== REQUIREMENT ==
Exact copies of the lines from the line containing "rds052417; 667x1000; Whiten" through the last line of the entries below are the whole answer.

Top of GIVEN DATA

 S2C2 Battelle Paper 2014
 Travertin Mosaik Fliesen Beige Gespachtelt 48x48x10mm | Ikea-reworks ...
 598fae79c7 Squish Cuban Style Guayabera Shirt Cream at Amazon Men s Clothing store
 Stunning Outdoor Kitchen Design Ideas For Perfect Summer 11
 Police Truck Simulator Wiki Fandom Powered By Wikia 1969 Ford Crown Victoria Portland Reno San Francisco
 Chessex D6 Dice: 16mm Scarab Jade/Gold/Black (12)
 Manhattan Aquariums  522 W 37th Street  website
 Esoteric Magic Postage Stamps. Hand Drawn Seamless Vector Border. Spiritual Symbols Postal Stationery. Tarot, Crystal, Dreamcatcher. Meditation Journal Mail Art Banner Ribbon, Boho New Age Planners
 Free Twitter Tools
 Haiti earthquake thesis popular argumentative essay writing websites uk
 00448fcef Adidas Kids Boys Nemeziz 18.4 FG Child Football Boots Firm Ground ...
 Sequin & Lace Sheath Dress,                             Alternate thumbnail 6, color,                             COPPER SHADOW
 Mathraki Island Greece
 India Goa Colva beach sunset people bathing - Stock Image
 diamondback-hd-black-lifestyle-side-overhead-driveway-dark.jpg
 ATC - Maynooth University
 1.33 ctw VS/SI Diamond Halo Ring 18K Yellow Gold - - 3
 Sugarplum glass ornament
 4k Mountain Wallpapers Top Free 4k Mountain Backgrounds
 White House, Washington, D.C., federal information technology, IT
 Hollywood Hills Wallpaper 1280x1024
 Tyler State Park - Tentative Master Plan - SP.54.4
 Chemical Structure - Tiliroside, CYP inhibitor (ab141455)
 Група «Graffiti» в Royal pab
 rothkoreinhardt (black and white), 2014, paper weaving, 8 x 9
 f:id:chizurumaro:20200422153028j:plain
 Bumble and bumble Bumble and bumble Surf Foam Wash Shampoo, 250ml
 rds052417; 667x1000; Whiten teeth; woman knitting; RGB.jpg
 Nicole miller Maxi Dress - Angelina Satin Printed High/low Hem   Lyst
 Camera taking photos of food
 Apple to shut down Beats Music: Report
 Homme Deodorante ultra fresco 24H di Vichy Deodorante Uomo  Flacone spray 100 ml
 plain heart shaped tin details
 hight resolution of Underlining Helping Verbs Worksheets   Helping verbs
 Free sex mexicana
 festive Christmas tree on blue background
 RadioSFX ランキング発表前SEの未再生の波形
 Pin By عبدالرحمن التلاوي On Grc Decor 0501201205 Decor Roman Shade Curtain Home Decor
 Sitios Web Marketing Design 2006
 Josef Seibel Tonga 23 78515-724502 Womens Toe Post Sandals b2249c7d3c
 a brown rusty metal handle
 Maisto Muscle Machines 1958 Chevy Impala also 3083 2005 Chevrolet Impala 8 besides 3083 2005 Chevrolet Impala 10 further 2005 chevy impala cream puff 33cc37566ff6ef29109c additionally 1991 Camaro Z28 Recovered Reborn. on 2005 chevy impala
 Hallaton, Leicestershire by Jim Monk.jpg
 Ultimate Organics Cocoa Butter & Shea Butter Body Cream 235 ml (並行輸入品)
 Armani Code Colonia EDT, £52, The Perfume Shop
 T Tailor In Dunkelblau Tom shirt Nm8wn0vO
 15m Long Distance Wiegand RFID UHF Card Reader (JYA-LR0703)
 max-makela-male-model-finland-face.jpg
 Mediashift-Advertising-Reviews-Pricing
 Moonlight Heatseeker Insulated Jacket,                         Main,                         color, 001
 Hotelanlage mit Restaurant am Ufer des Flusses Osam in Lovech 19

Bottom of GIVEN DATA

== OUTPUT BELOW ==
 rds052417; 667x1000; Whiten teeth; woman knitting; RGB.jpg
 Nicole miller Maxi Dress - Angelina Satin Printed High/low Hem   Lyst
 Camera taking photos of food
 Apple to shut down Beats Music: Report
 Homme Deodorante ultra fresco 24H di Vichy Deodorante Uomo  Flacone spray 100 ml
 plain heart shaped tin details
 hight resolution of Underlining Helping Verbs Worksheets   Helping verbs
 Free sex mexicana
 festive Christmas tree on blue background
 RadioSFX ランキング発表前SEの未再生の波形
 Pin By عبدالرحمن التلاوي On Grc Decor 0501201205 Decor Roman Shade Curtain Home Decor
 Sitios Web Marketing Design 2006
 Josef Seibel Tonga 23 78515-724502 Womens Toe Post Sandals b2249c7d3c
 a brown rusty metal handle
 Maisto Muscle Machines 1958 Chevy Impala also 3083 2005 Chevrolet Impala 8 besides 3083 2005 Chevrolet Impala 10 further 2005 chevy impala cream puff 33cc37566ff6ef29109c additionally 1991 Camaro Z28 Recovered Reborn. on 2005 chevy impala
 Hallaton, Leicestershire by Jim Monk.jpg
 Ultimate Organics Cocoa Butter & Shea Butter Body Cream 235 ml (並行輸入品)
 Armani Code Colonia EDT, £52, The Perfume Shop
 T Tailor In Dunkelblau Tom shirt Nm8wn0vO
 15m Long Distance Wiegand RFID UHF Card Reader (JYA-LR0703)
 max-makela-male-model-finland-face.jpg
 Mediashift-Advertising-Reviews-Pricing
 Moonlight Heatseeker Insulated Jacket,                         Main,                         color, 001
 Hotelanlage mit Restaurant am Ufer des Flusses Osam in Lovech 19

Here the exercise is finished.